# Exercise objective
Each line of data below must be printed exactly as written, with any pictures removed.

# Information supplied
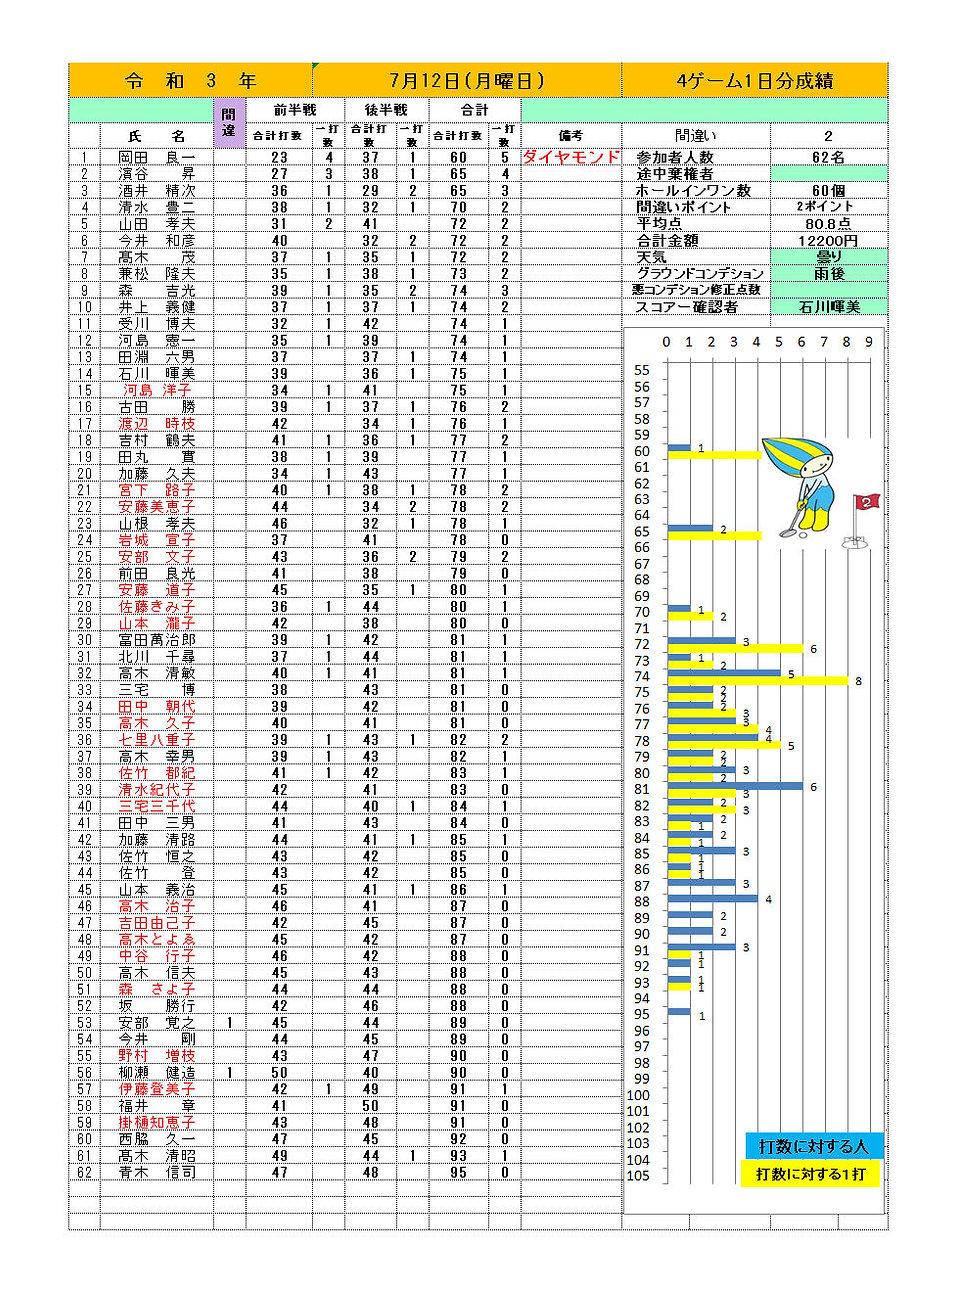 7月12日桃配成績.jpg
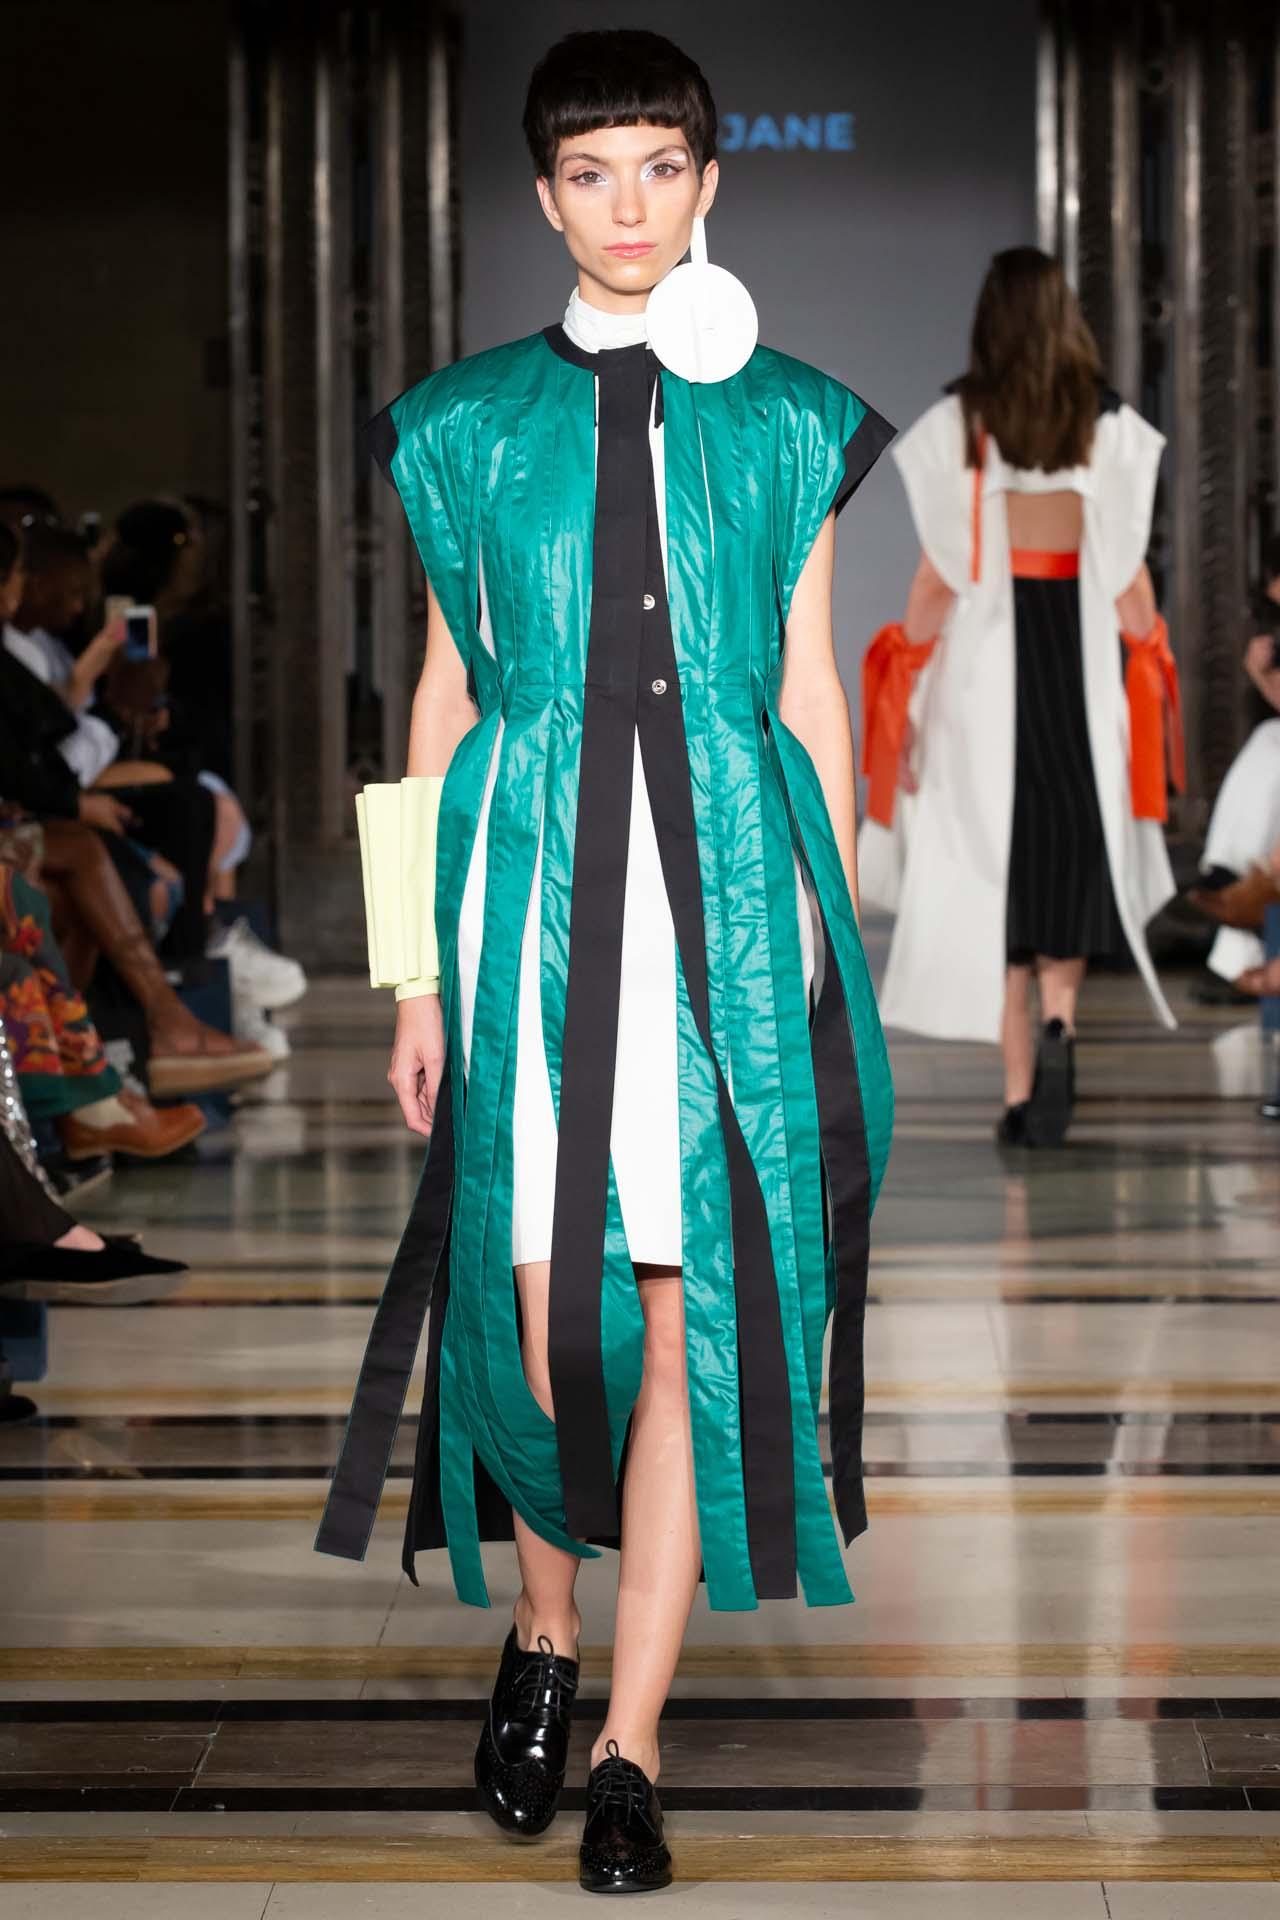 A jane lfw fashion scout (3)
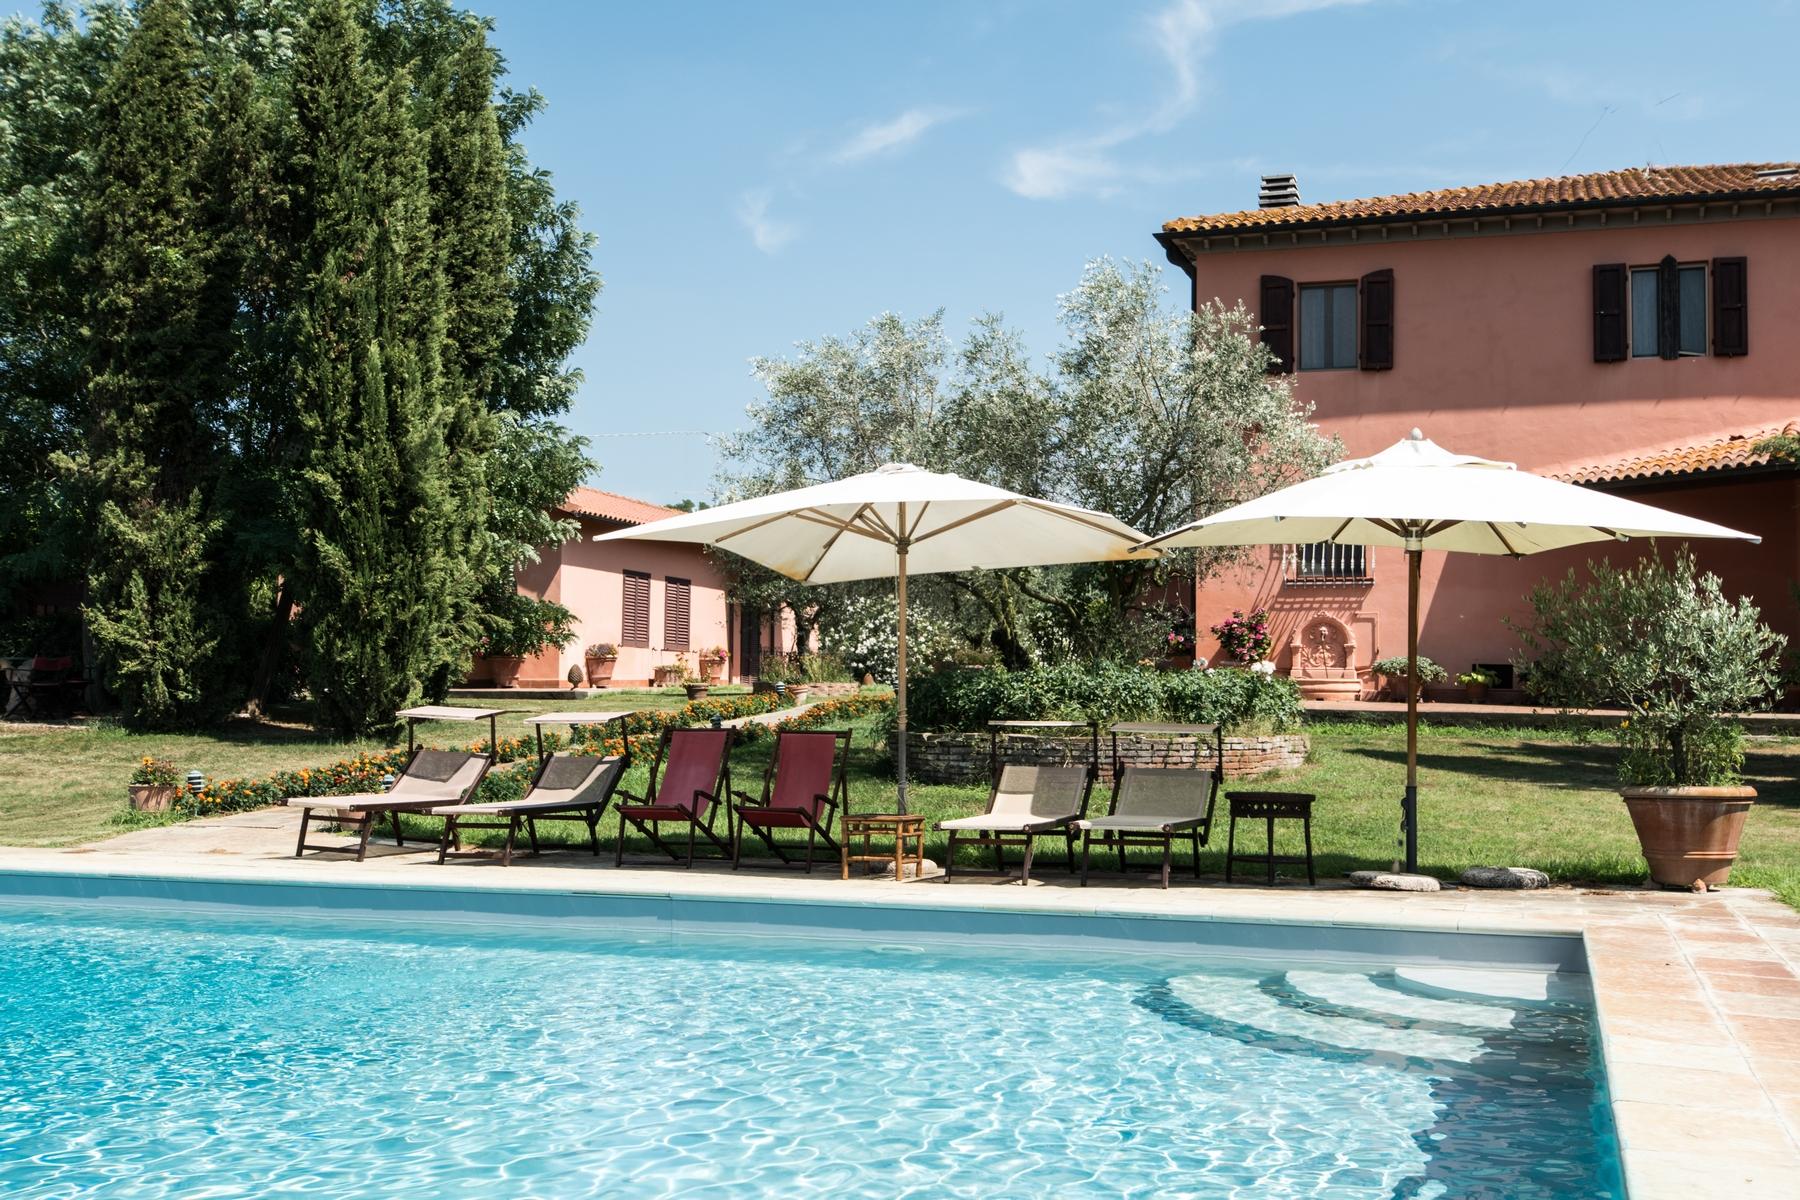 Villa in Vendita a Crespina: 5 locali, 354 mq - Foto 2

# Solution to this exercise
 7月12日桃配成績.jpg
 A jane lfw fashion scout (3)
 Villa in Vendita a Crespina: 5 locali, 354 mq - Foto 2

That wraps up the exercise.